Looping through a data range to download data from an API

我正在从 API 下载数据,最长回溯期为 833 天,但根据我的测试,我知道他们的数据可以追溯到 2002 年。我在下面有一个函数定义了 833 天今天进入两个日期时间“结束”和“开始”,这些被输入 API 命令。请注意,它们需要采用字符串格式并以这种方式格式化,api 才能接受它们。

d=datetime.today()
end = str(d.year) + "-" + str(d.month) + "-" + str(d.day)

lookbook_period = 833

# Take current date and minus the the max time delta of 833 days to get 'start' var
time_delta = timedelta(days=lookbook_period)
now = datetime.now()

#split the answer and format it to the required timestamp type.
start = str(now - time_delta).split(" ")[0]
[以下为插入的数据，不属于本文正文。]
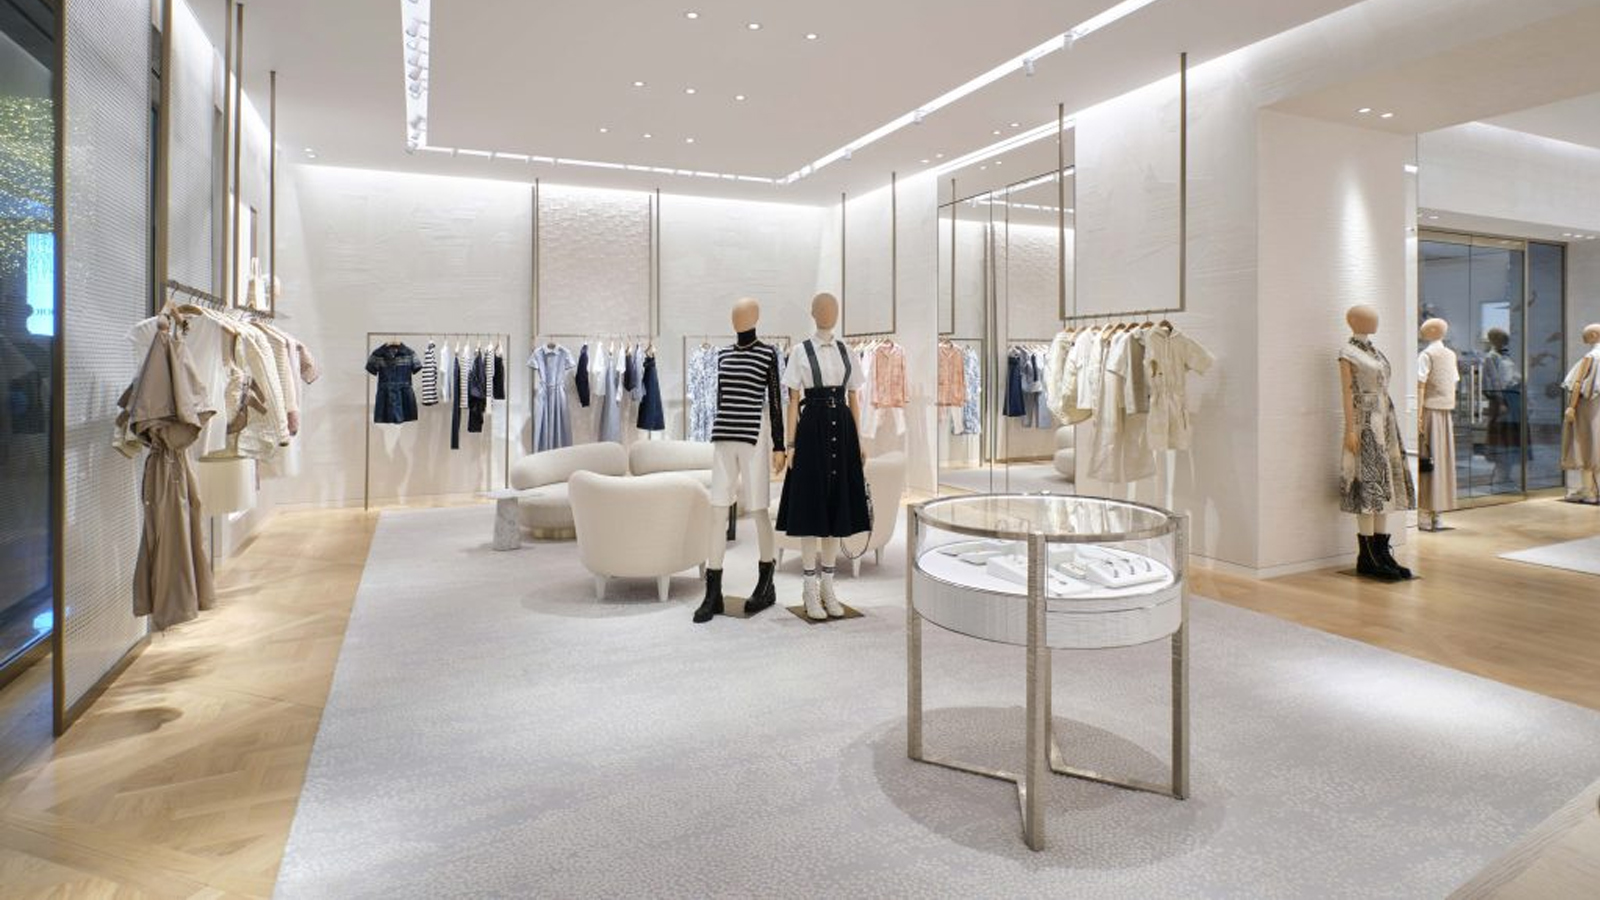 Boutique Dior mới nhất khai trương tin vui cho tín đồ thời trang Hà Nội

我想要做的是下载 833 天部分的数据帧,然后将它们拼凑成一个 CSV 或数据帧。我目前所拥有的低于我所拥有的,但我不确定如何制作一个函数来改变日期。


def time_machine():
    df_total = pd.DataFrame
    
    start_str = str(2002) + "-0" + str(5) + "-0" + str(1)
    start = datetime(2002,5,1)
    print(start)
    
    # amount of days from 2002-05-01 to now
    rolling_td = timedelta(days=int(str((datetime.today() - start)).split(" ")[0]))
    print(rolling_td, "\n")
    
    # API maximum amount of lookbook days
    max_td = timedelta(days=833)
    
    # The function would do something similar to this, and on each pass, calling the API and saving the data to a dataframe or CSV.


    s1 = start + max_td
    print(s1)
    s2 = s1 + max_td
    print(s2)
    s3 = s2 + max_td
    print(s3)
    
    d=datetime.today()
    end = str(d.year) + "-" + str(d.month) + "-" + str(d.day)
    print(d)

任何建议或 tools/libraries 将不胜感激。我一直在用 while 循环测试一些东西,但我仍然 运行 在这方面盲目地陷入黑暗。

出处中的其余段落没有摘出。